### DATA EXCERPT
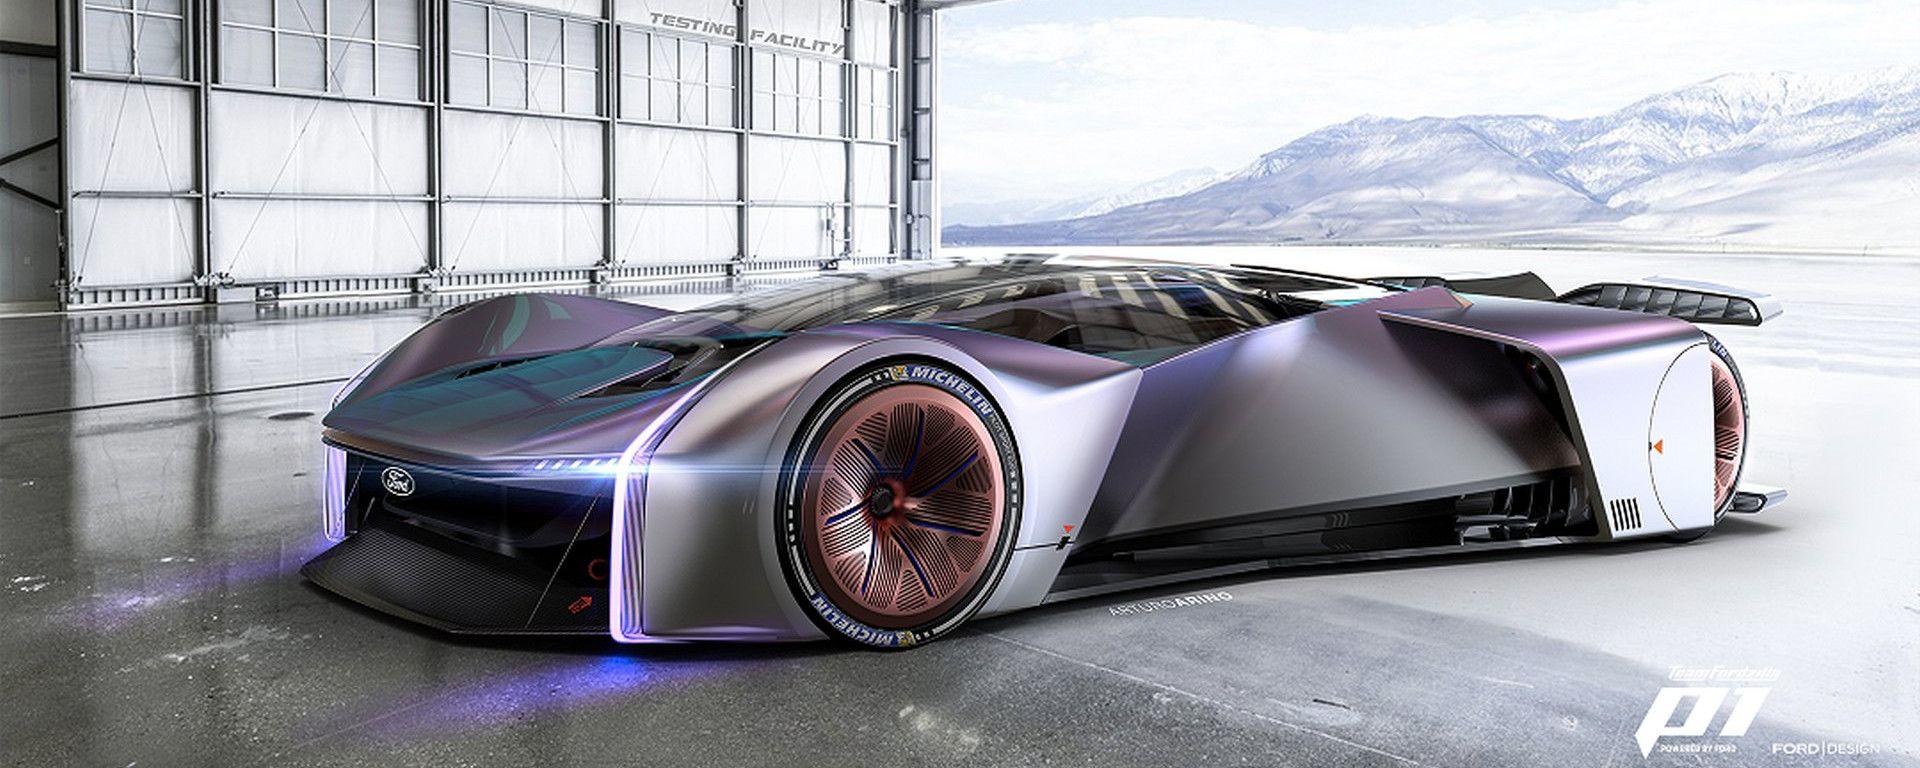 TeamFordzillaP1, l'auto da videogame di Ford
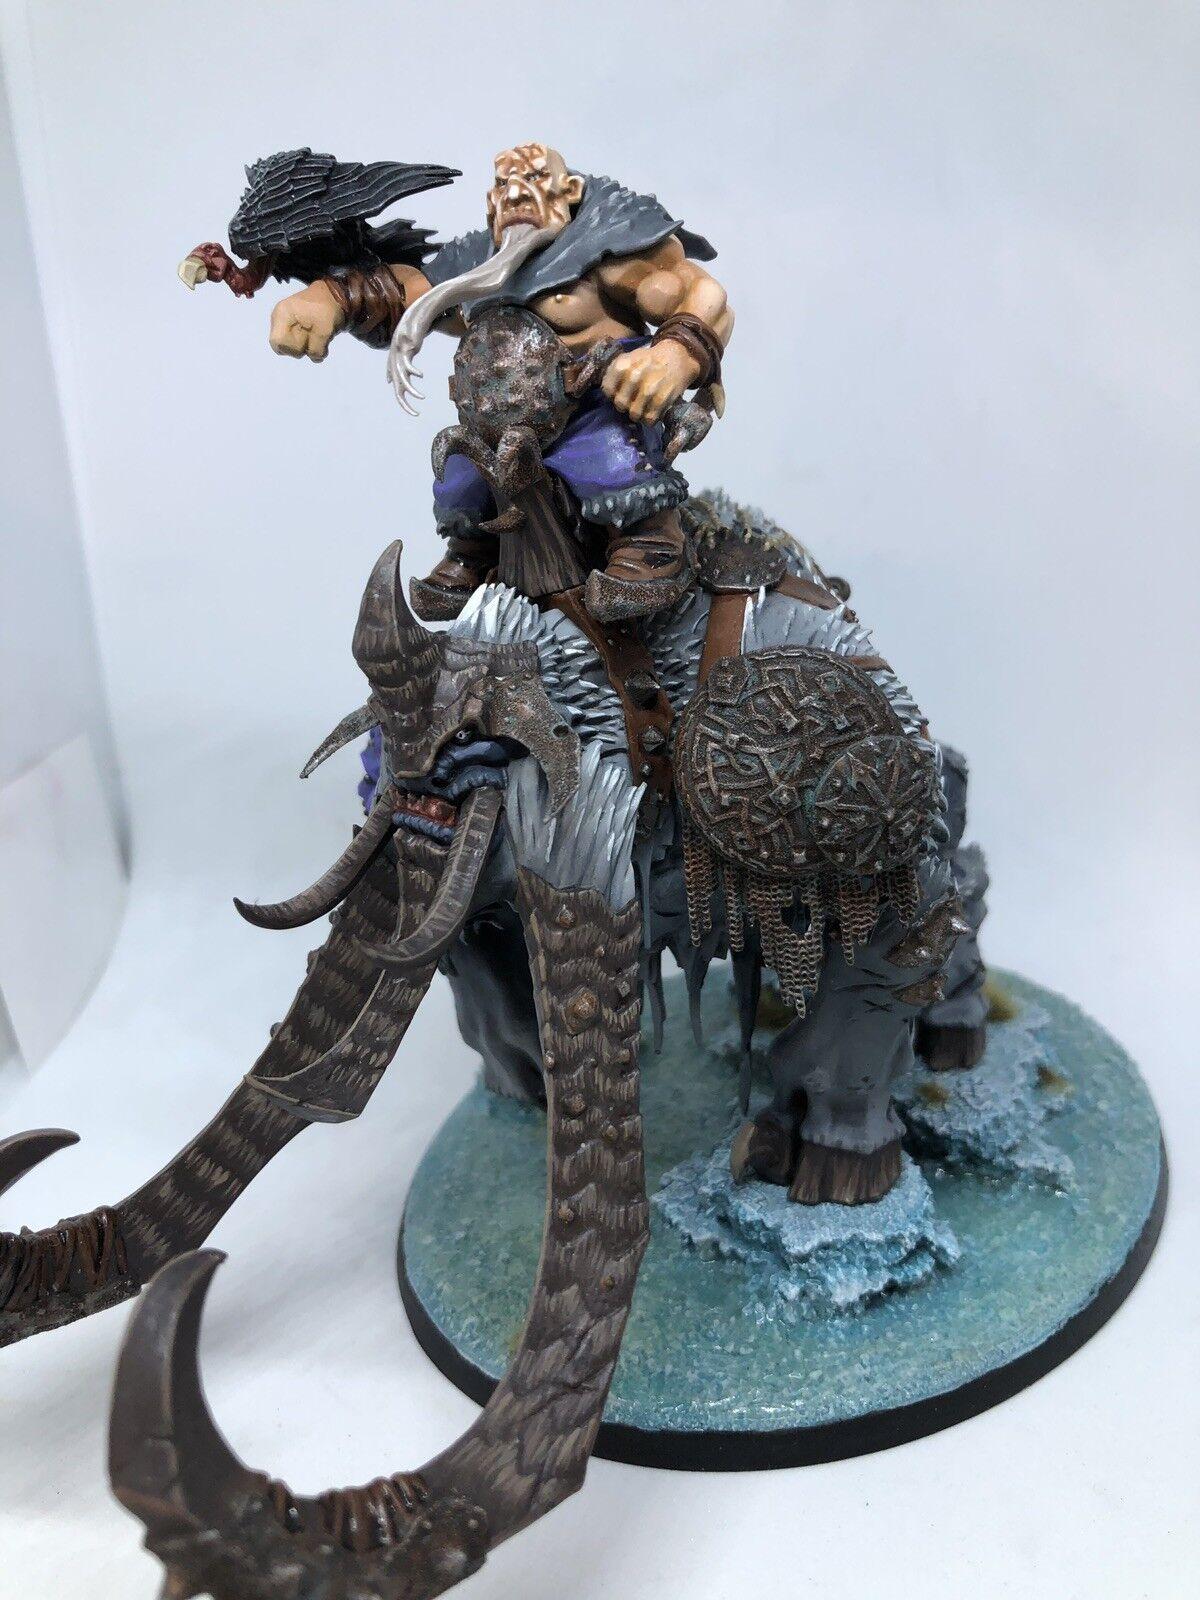 Warhammer Age of Sigmar Ogre Kingdoms Beastclaw Huskard on Thundertusk Painted
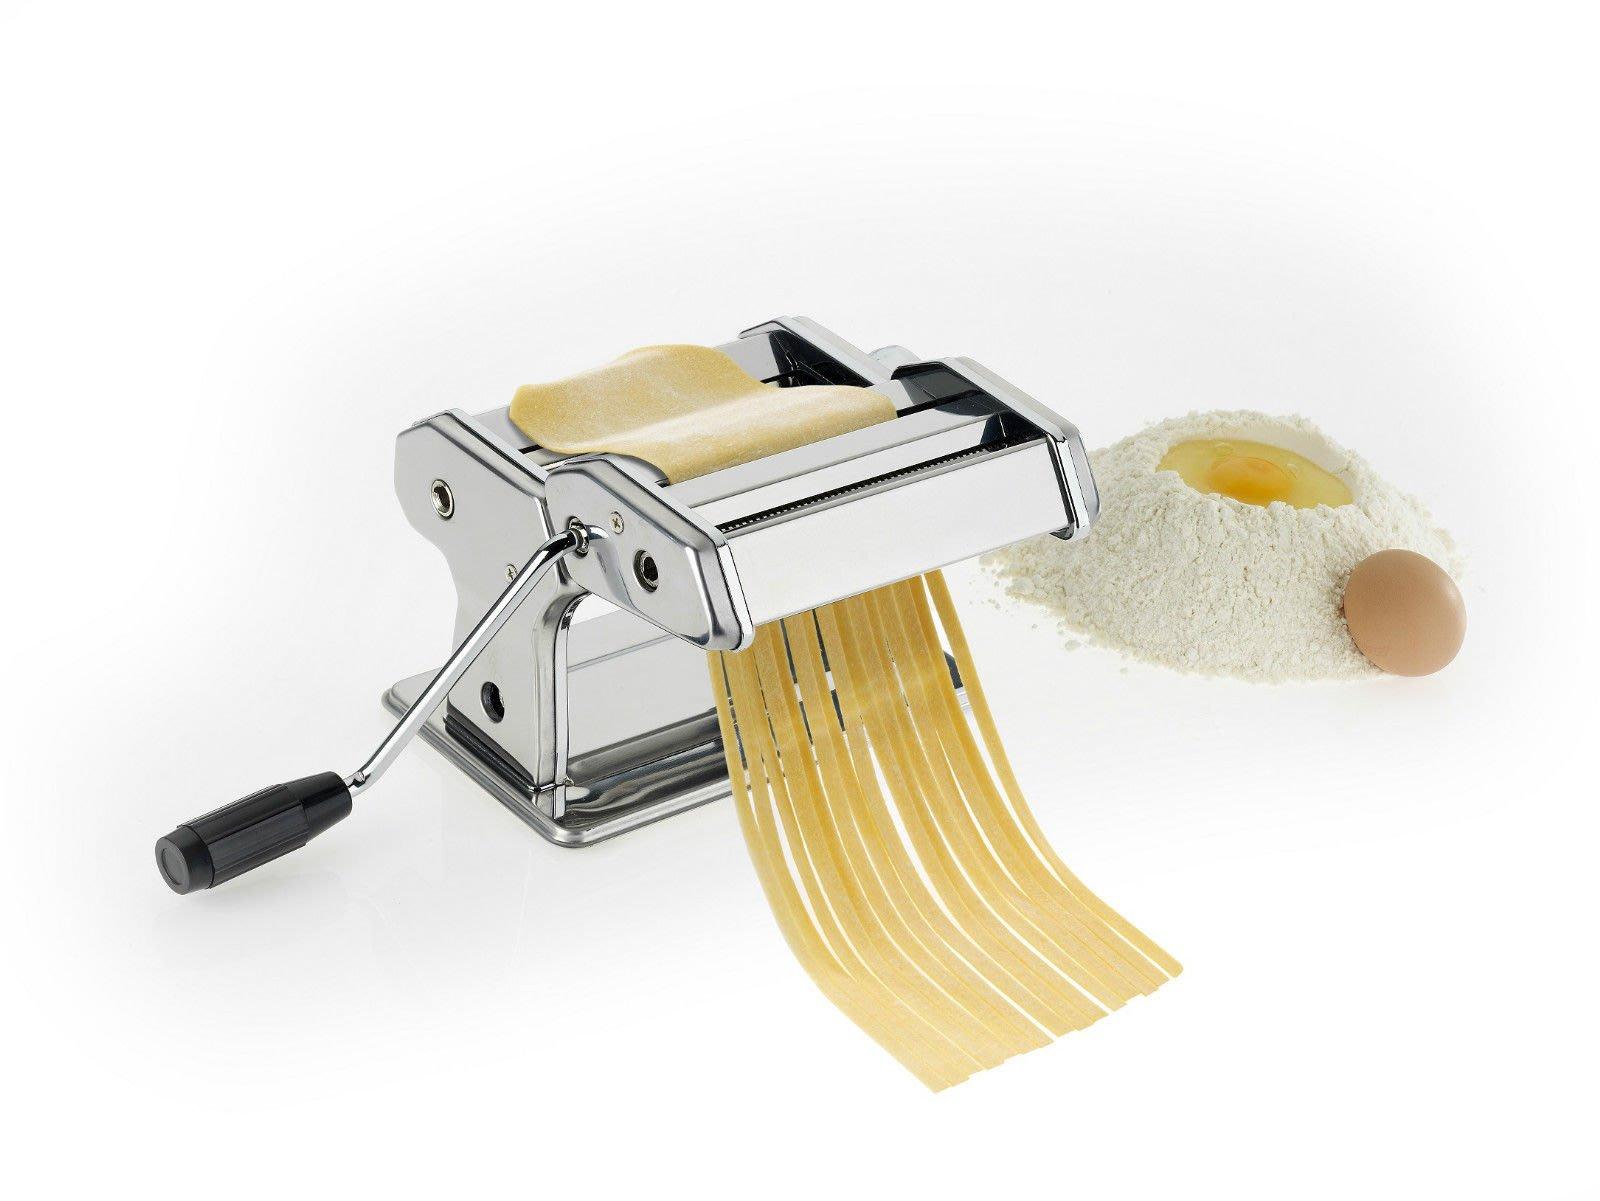 ☆ 德國 WESTMARK 手動 不銹鋼 製麵機 製麵器 ( 麵皮 / 麵條 /水餃皮 ) wmf 參考 義大利
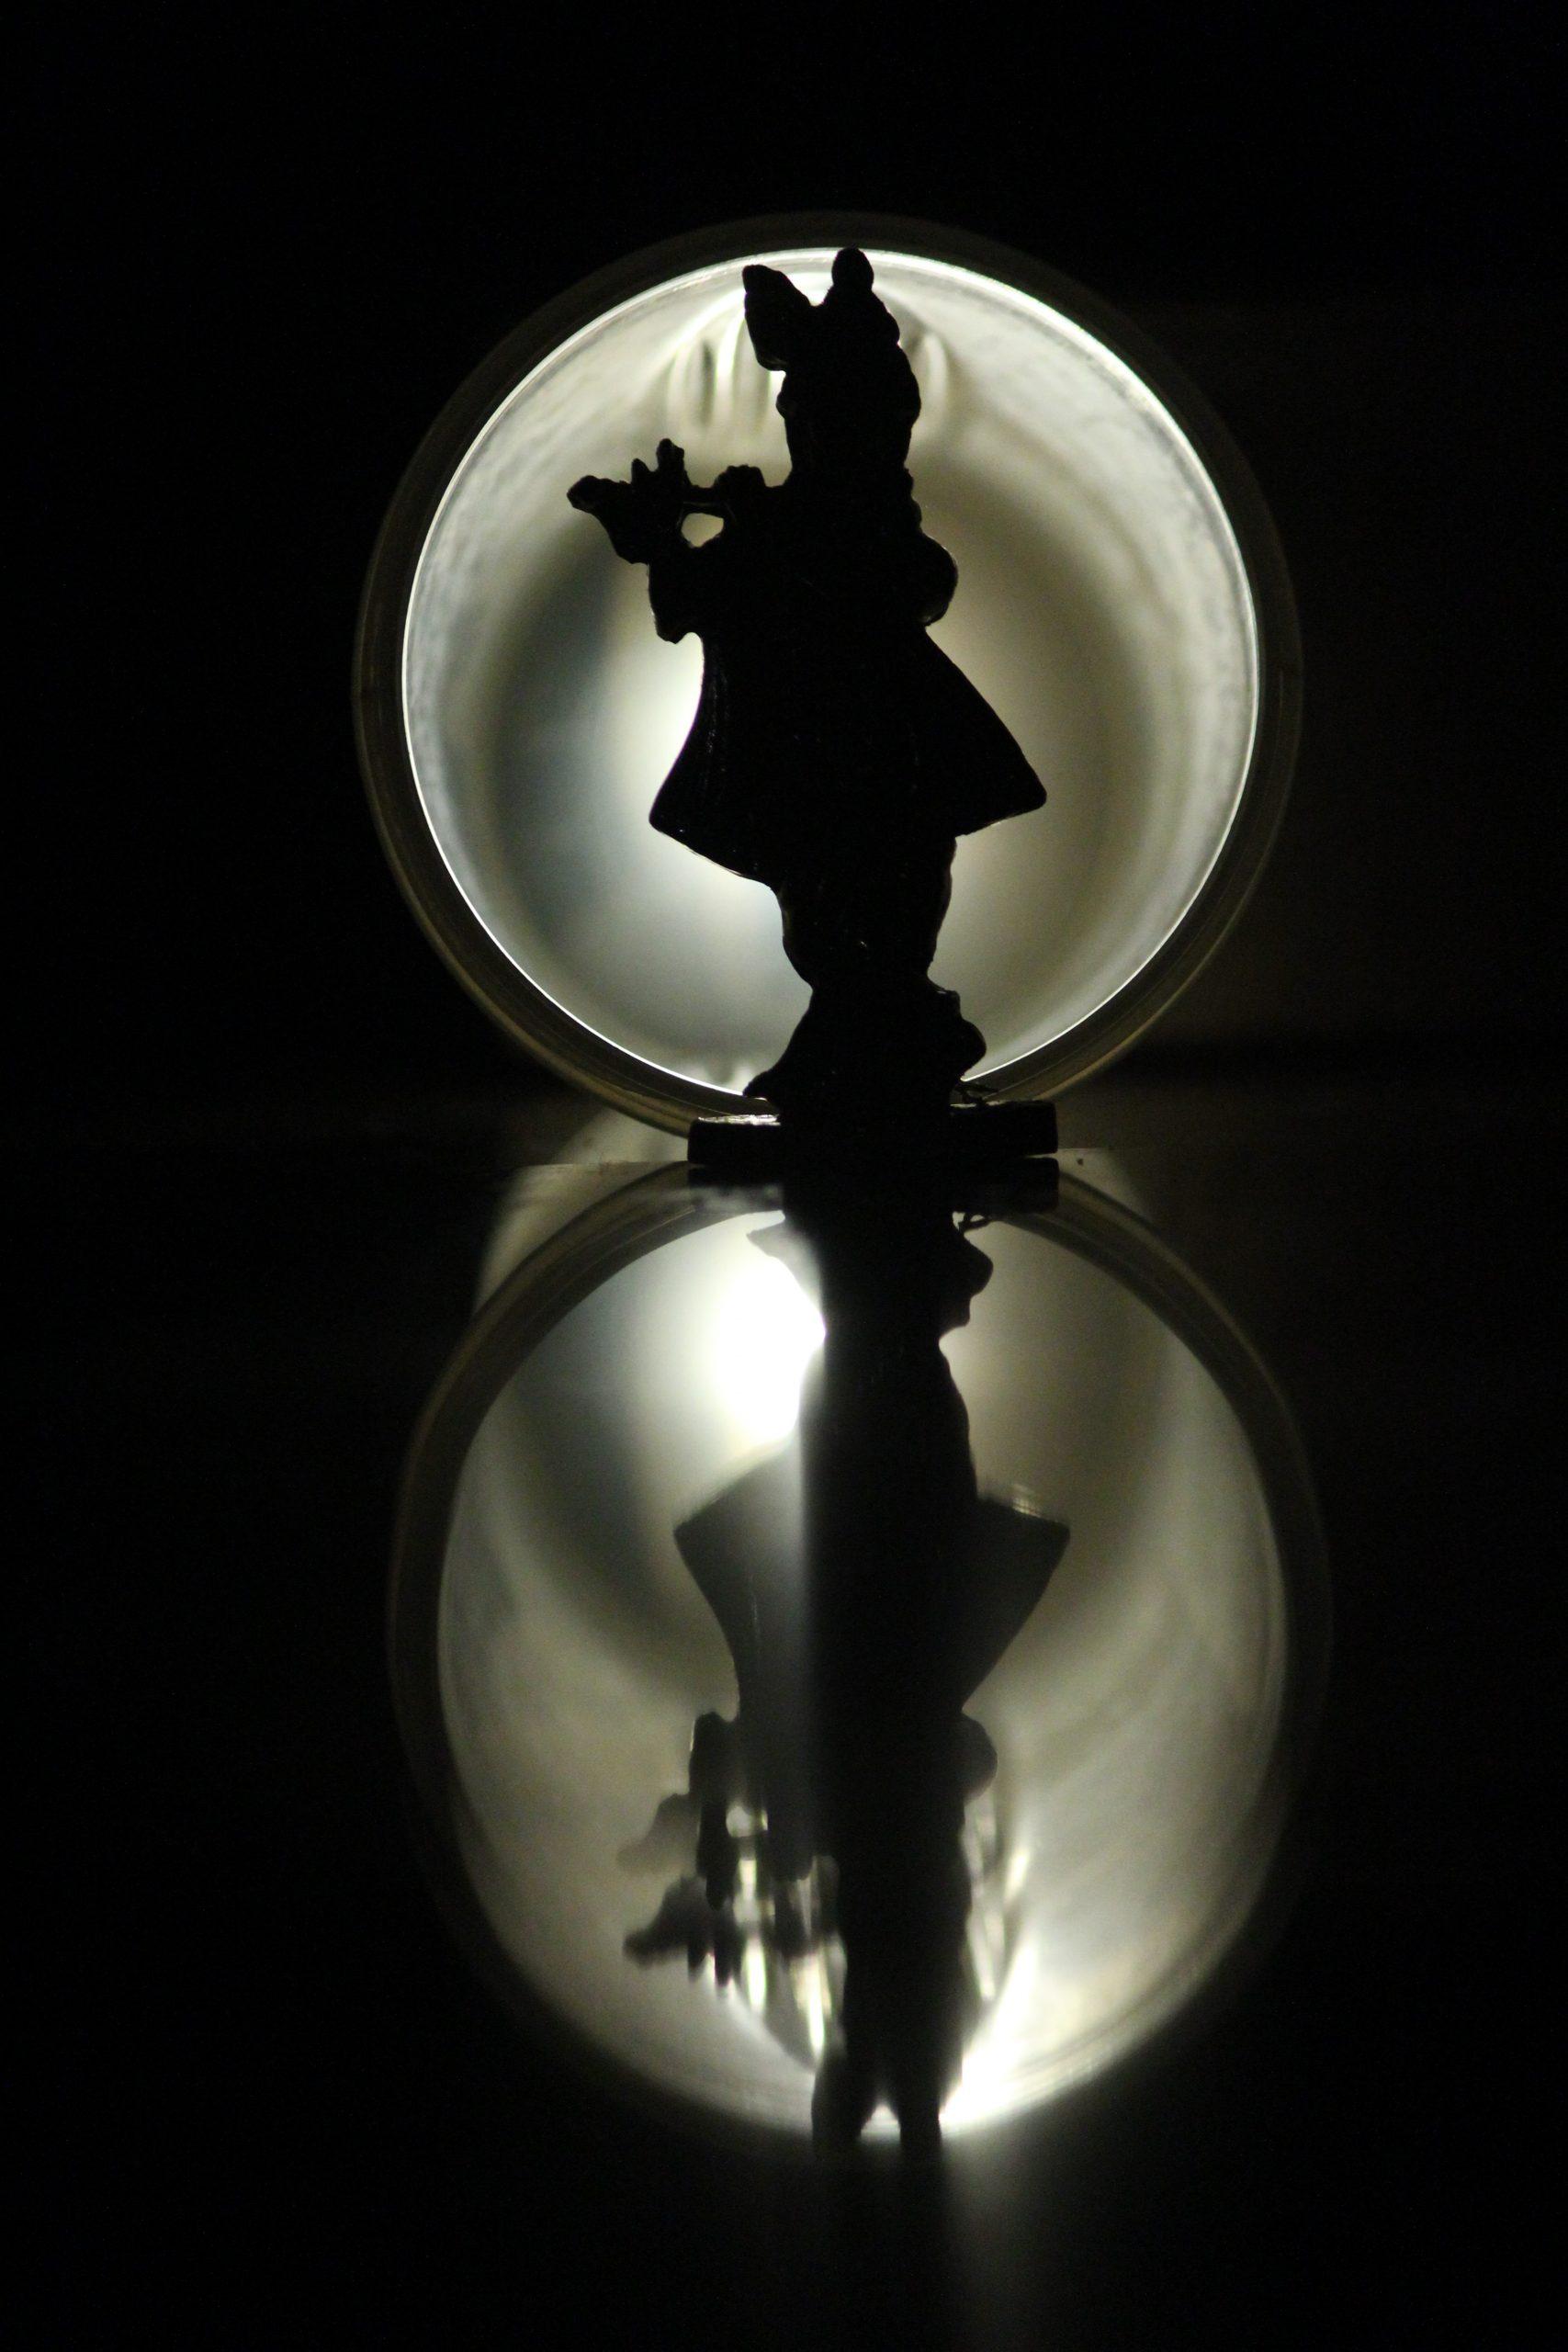 Lord Krishna statue in darkness

### EXERCISE PROMPT
Restate word for word only the lines from the one with "Warhammer Age of" through the last line of the material, both included. Any picture should be left out.

### ANSWER SECTION
 Warhammer Age of Sigmar Ogre Kingdoms Beastclaw Huskard on Thundertusk Painted
 ☆ 德國 WESTMARK 手動 不銹鋼 製麵機 製麵器 ( 麵皮 / 麵條 /水餃皮 ) wmf 參考 義大利
 Lord Krishna statue in darkness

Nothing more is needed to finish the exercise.